I've been reading Cults in Our Midst and it's really striking to me how much being a member of a cult seems to resemble being in an abusive relationship, and the difficulties in leaving a cult seem very much like the difficulties some people might have in leaving an abusive partnership.
Very much so, similar dynamics definitely. As I recovered from my time in a cult group, it helped me quite a bit to read books not only on cult recovery specifically - but also info on domestic violence, verbal abuse, sociopaths, manipulation, con artists, and on scams/consumer fraud.
"Cold reading" is a good thing to know about too:
http://www.skepdic.com/coldread.htmlSurvivors of both one on one abusive relationships and of destructive groups may think "how could I have been that stupid?", may feel that there must be something wrong with them, and unfortunately outsiders will also tend to think anyone who has been victimized surely must just be dumb. But this blames the victim and isn't even true. Cult groups thrive on having many intelligent members.

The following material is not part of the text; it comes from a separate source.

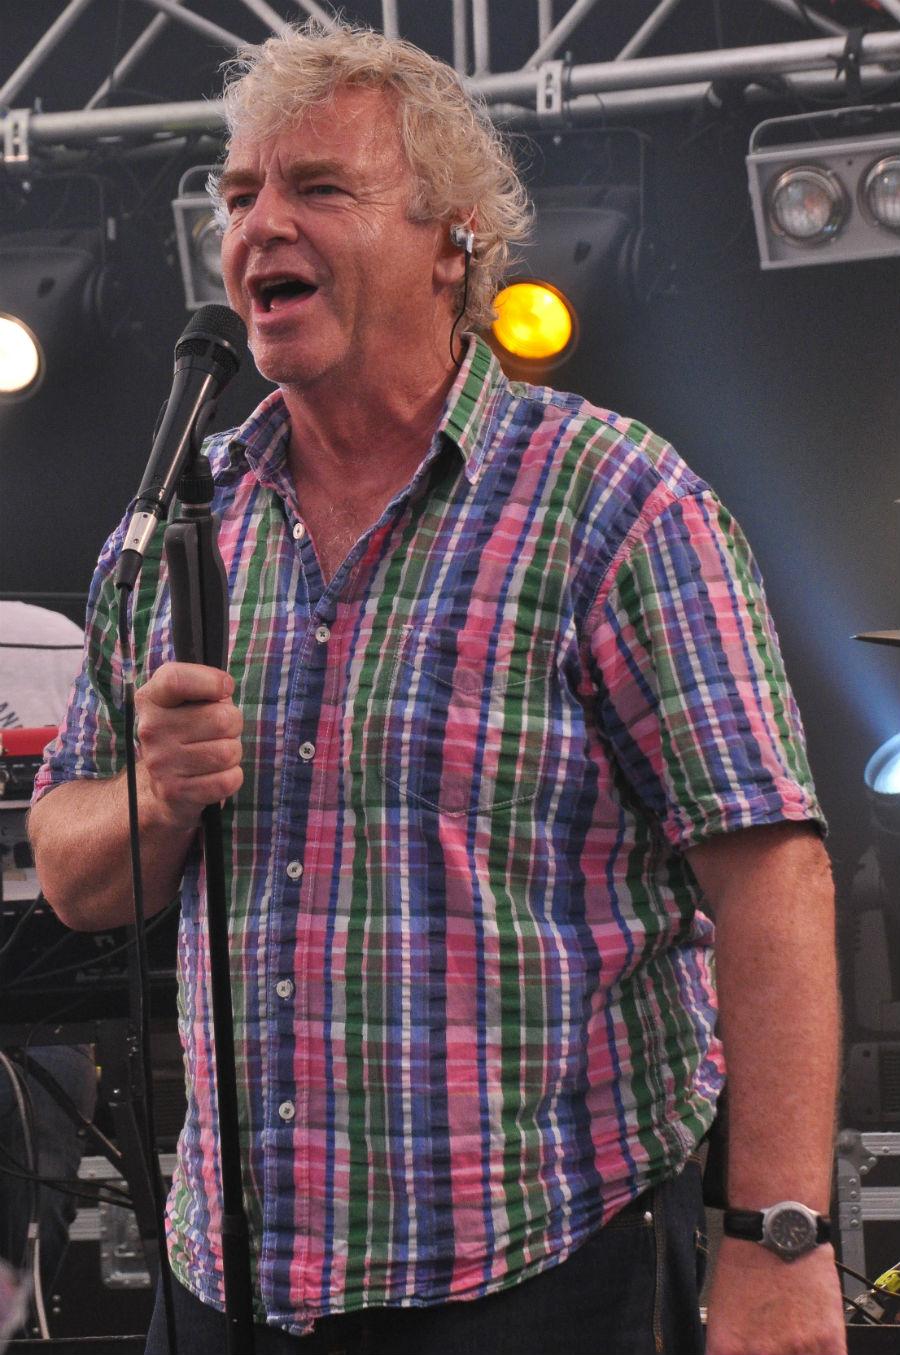 Michael Bundesen

So the fact we were sucked in doesn't mean we were or are stupid, it means we were tricked (often at a vulnerable time in our lives) and snared.
Cult leaders, new age frauds, scam artists, and predators all use similar forms of manipulation and abuse. They may vary in what style they use, what pose they strike, how they dress up the illusion, but the underpinnings have a lot in common.
Leaving a cult group is very like getting out of an abusive domestic relationship. Can feel miserable, uncomfortable, even frightening - but freedom is worth it all.